ECJ ruling: BNP Paribas Personal Finance SA v VE

In BNP Paribas Personal Finance SA v VE, the Tribunal d’Instance de Paris made a request to the European Court of Justice for a preliminary ruling in relation to the application of Articles 3 and 4 of Council Directive 93/13/EEC (5 April 1993) on unfair terms in consumer contracts.

The main proceedings concern the alleged unfairness of the terms of a mortgage loan agreement entered into by the parties, which provided for a loan repayable, in principle, in 276 fixed instalments, which was denominated in Swiss francs and repayable in euros.

The loan agreement contained several terms forming part of a currency conversion mechanism, which had the effect of incorporating the foreign exchange risk into the monthly instalments paid by the consumer, including:

  • payments at fixed intervals to be allocated to interest first;
  • the accounts to be operated in Swiss francs (the account currency) and in euros (the payment currency); and
  • a provision allowing the loan agreement to be extended by 5 years and the sum of monthly instalments increased in order to pay the account balance.

VE (the consumer) received a considerable amount of information before entering into the loan agreement, which emphasised, in particular, the stable nature of the euro – Swiss franc exchange rate.
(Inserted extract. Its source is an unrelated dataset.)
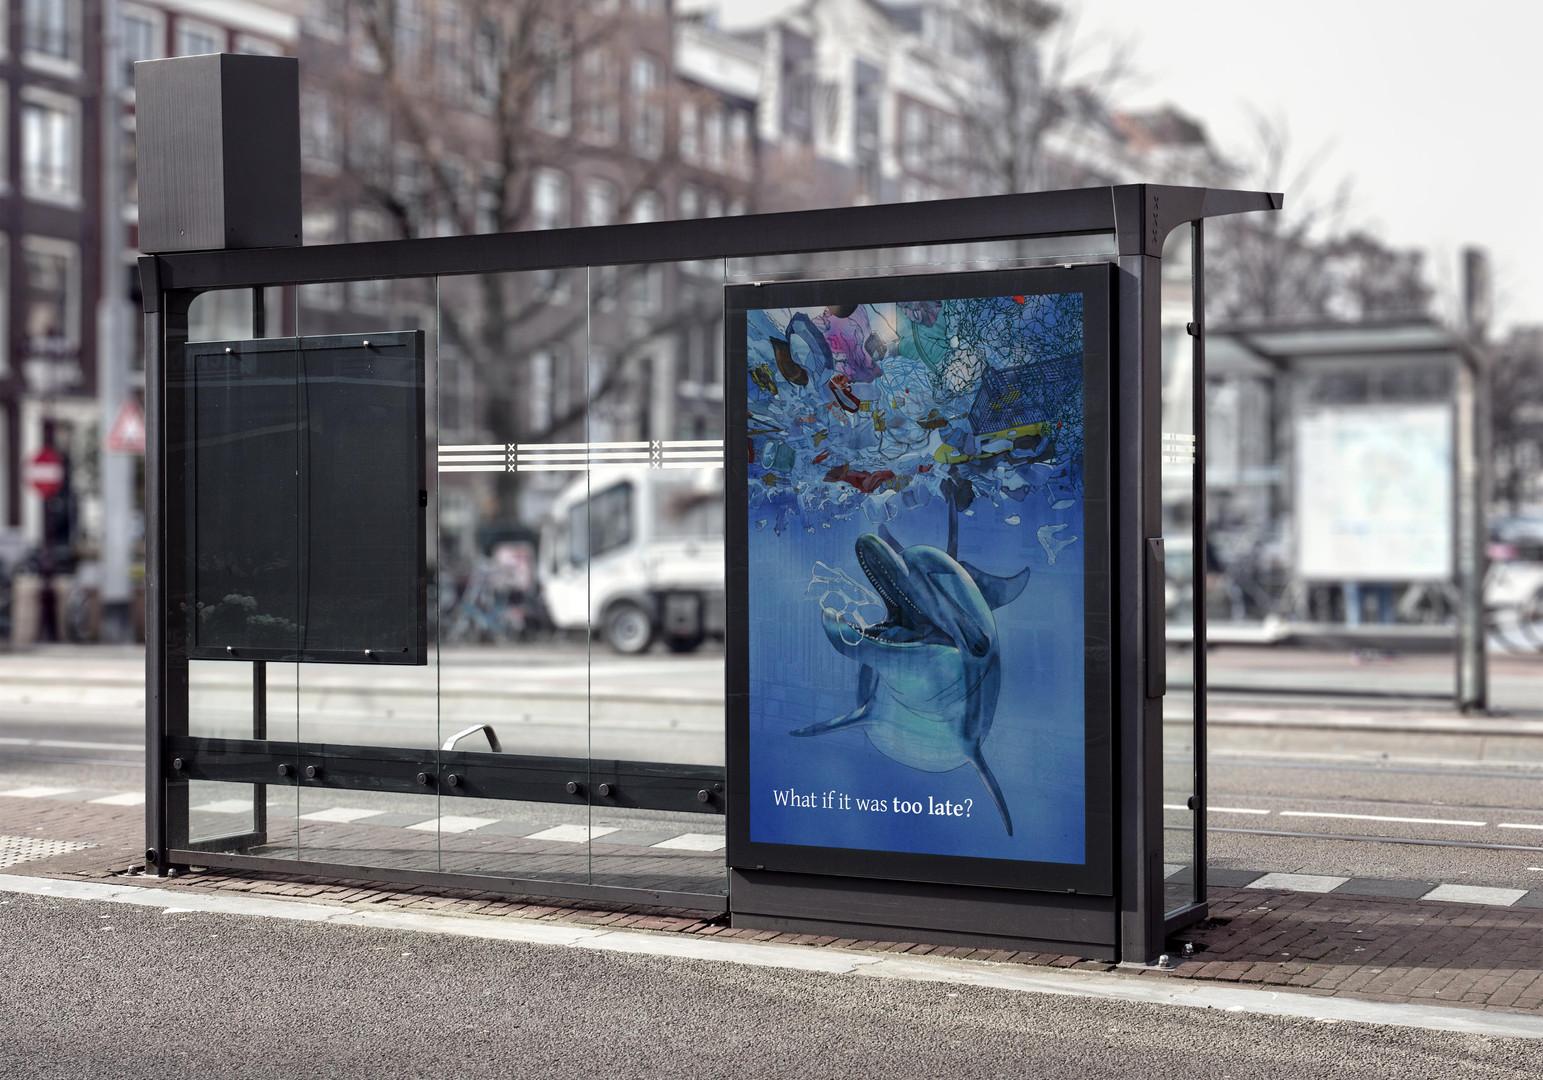 Bus Stop Billboard dolphin.jpg

However, the foreign exchange risk resulting from the combined application of the above terms at issue in the main proceedings was not mentioned anywhere in the loan agreement.

As such, VE considers that they were misled by BNP Paribas Personal Finance (BNPP) regarding the nature of the loan agreement, since the agreement exposed them to an uncapped foreign exchange risk, and these terms are unfair.

BNPP said that VE was informed of the variation in the foreign exchange rate and of its consequences on the repayment of the loan.

In essence, the referring court asked the ECJ :

  • whether the terms in the agreement that provided for the payments to go towards interest and for the period to be extended fell within the Unfair Contract Terms Directive in the first place; and
  • if they did, whether the terms were fairly described.

The ECJ ruled that indeed, the terms did fall within the provisions of the Directive, given that those terms laid down an essential element characterising the loan agreement.

The terms needed to have been communicated with sufficient transparency to enable the average consumer, who is reasonably well informed and observant, to understand the specific functioning of the financial mechanism in question and to be able to evaluate the risk of potentially significant adverse economic consequences of such terms throughout the term of the agreement.

The ECJ went on to conclude that the nature of the terms in question created a significant imbalance in the parties’ rights and obligations under that agreement, such that VE was subject to a disproportionate foreign exchange risk that they were far less likely to understand than the lender was.

Furthermore, regardless of how much information BNPP may have provided VE, all of the information put forward assumed the exchange rate would remain stable, and so there was nothing to explain to the customer the wholly foreseeable risk that it would not.

The ECJ concluded that despite BNPP providing the customer with a lot of pre-contractual information about the loan, it did not provide enough information dealing with the risks associated with significant decreases in exchange rates when that was an obvious risk in light of the fact that the loan agreement was denominated in a foreign currency but paid in the local currency.